Equiangular Polygon Sums - Concept

Let's say I tell you, you have ten-sided
figure it's eqiangular.
What's going to be the measure
of one of those angles.


To find that out we have
to first back up.
There's two key terms.
equiangular and regular that are going
to apply to what we're talking about here.


The first one is equiangular which means
that all the angles in the polygon
are congruent.
It doesn't have to do anything
with the sides.

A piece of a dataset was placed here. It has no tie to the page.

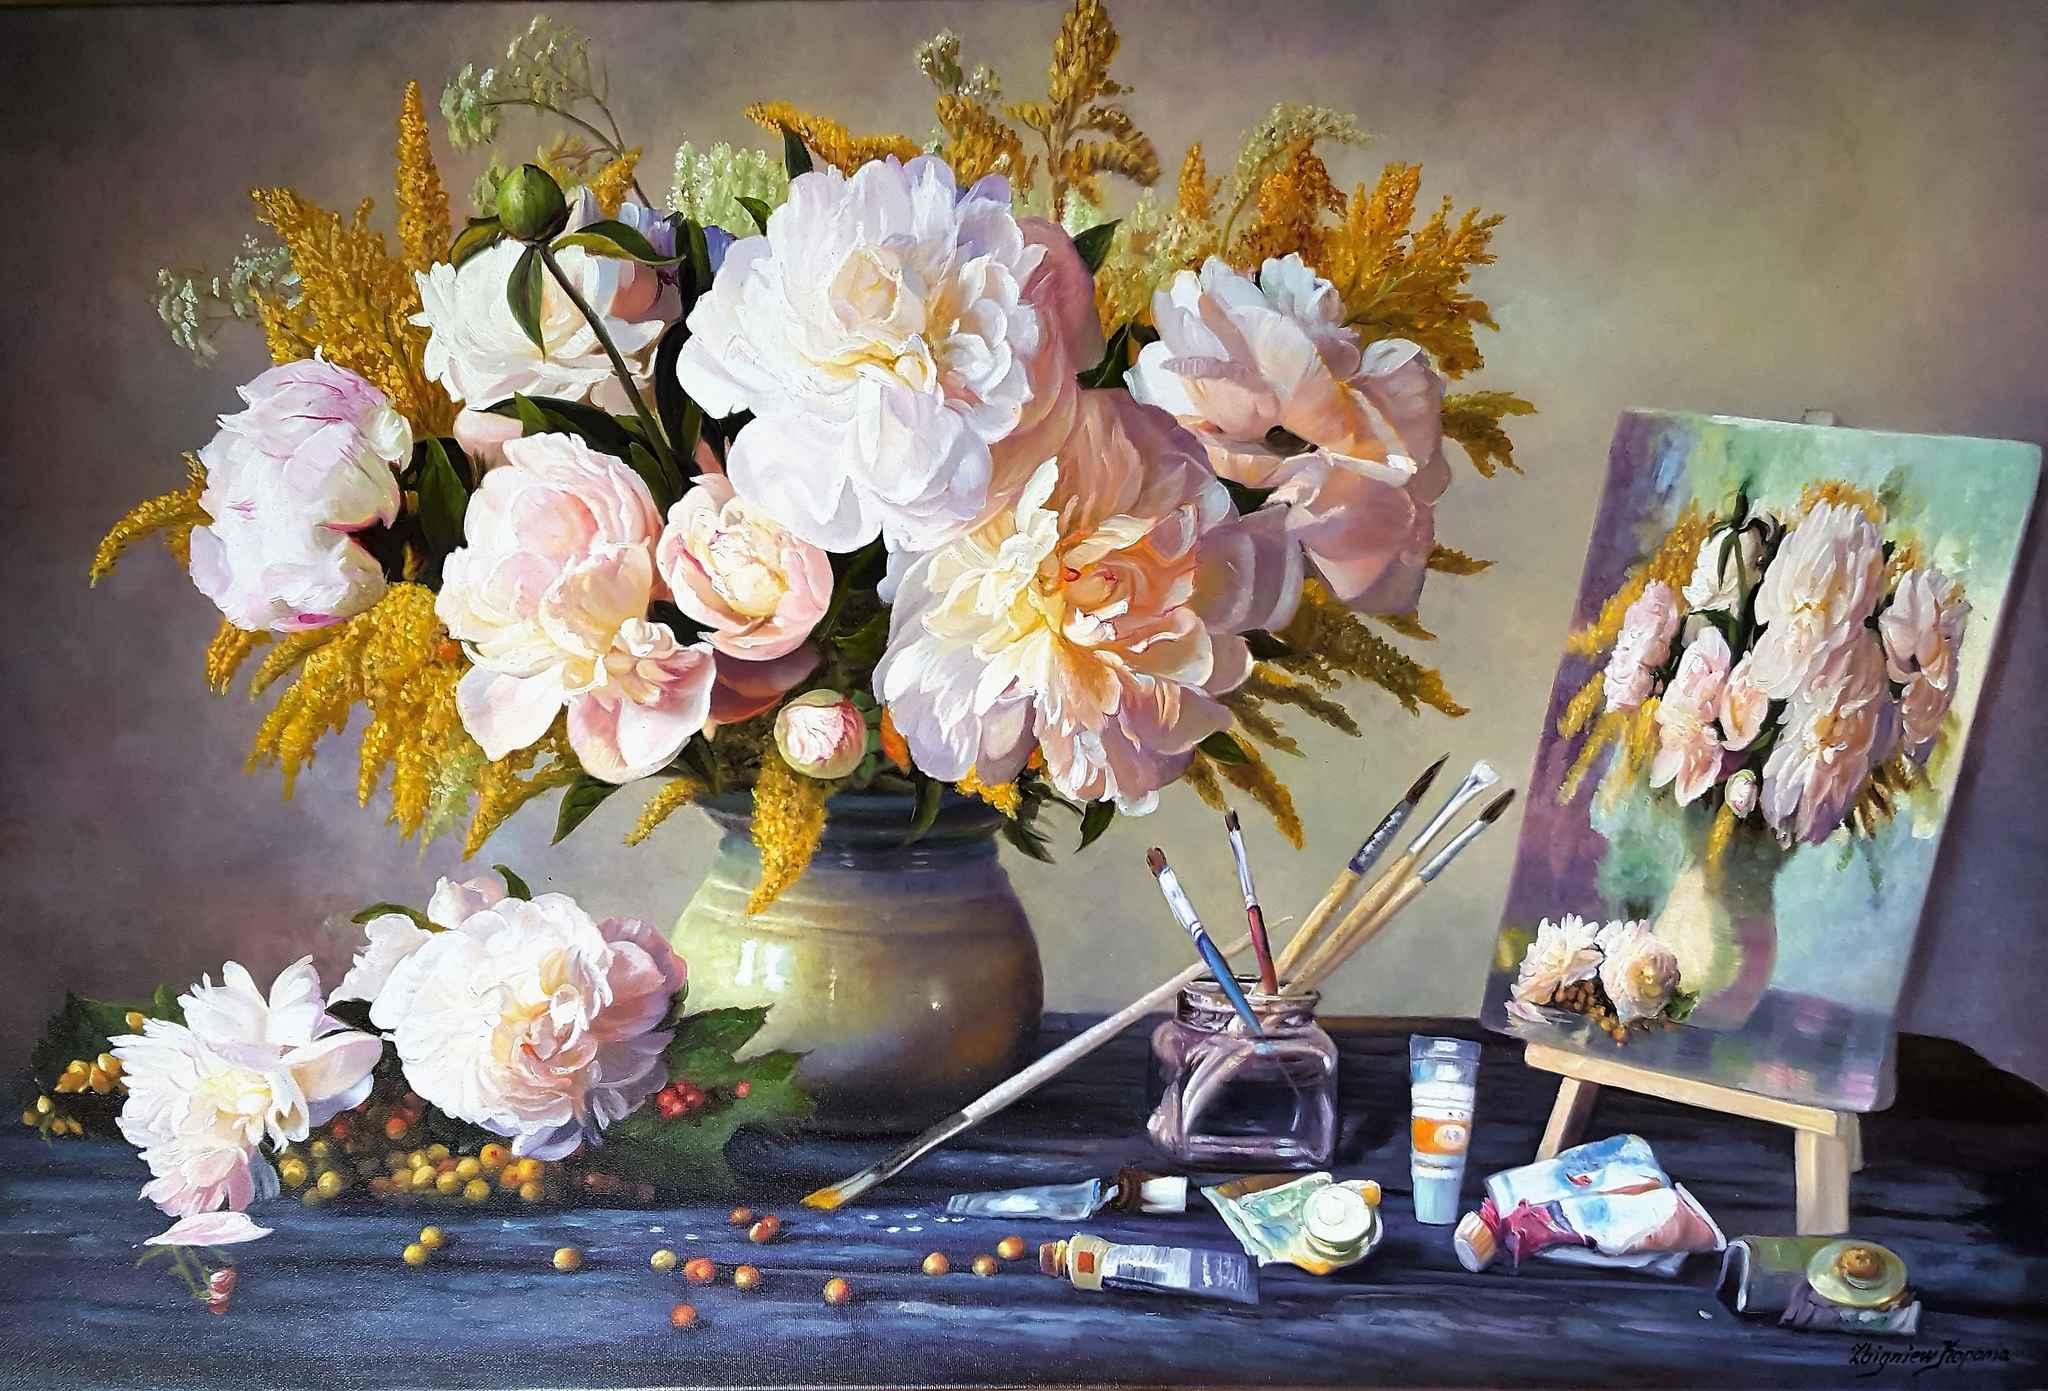 Martwa natura - bukiet kwiatów, 2017

It just means the angles.
You can remind yourself of that because
it look like we have the word angle
here.


Regular combines equilateral
and equiangular.
It says that all angles and all sides
must be congruent to each other.


So we look at these two
polygons right here.
We have two pentagons, only one
of these are equiangular.
Well, here we have all sides
marked as congruent. So this is not equiangular.
If we look at this pentagon right here, all
of your angles are marked as congruent
to each other.
So, yes, this one would be equiangular.
If you put these together, you have a regular
polygon, which is like this hexagon
right here.


Notice that all the sides are congruent
to each other, and all the angles are
congruent to each other.
But how do we calculate the measure
of one of those angles?
Well, to do that we need to look
at our polygon angle sum.
We said that the sum of the angles in
a polygon is equal to N minus 2 times
180. To find that, we said how many triangles
can we draw in a polygon.
And that was always the number of sides
minus 2. The sum of the angles
in the triangle is 180.


So if you want to find just one angle
in a regular polygon, you're going to
take this formula, which is the quantity
of N minus 2, times 180, and
since all the angles are the same, you
can just divide by the number of
angles that you have.


So you're taking this formula and you're
dividing by the number of sides that
you have in your equiangular polygon
or in your regular polygon.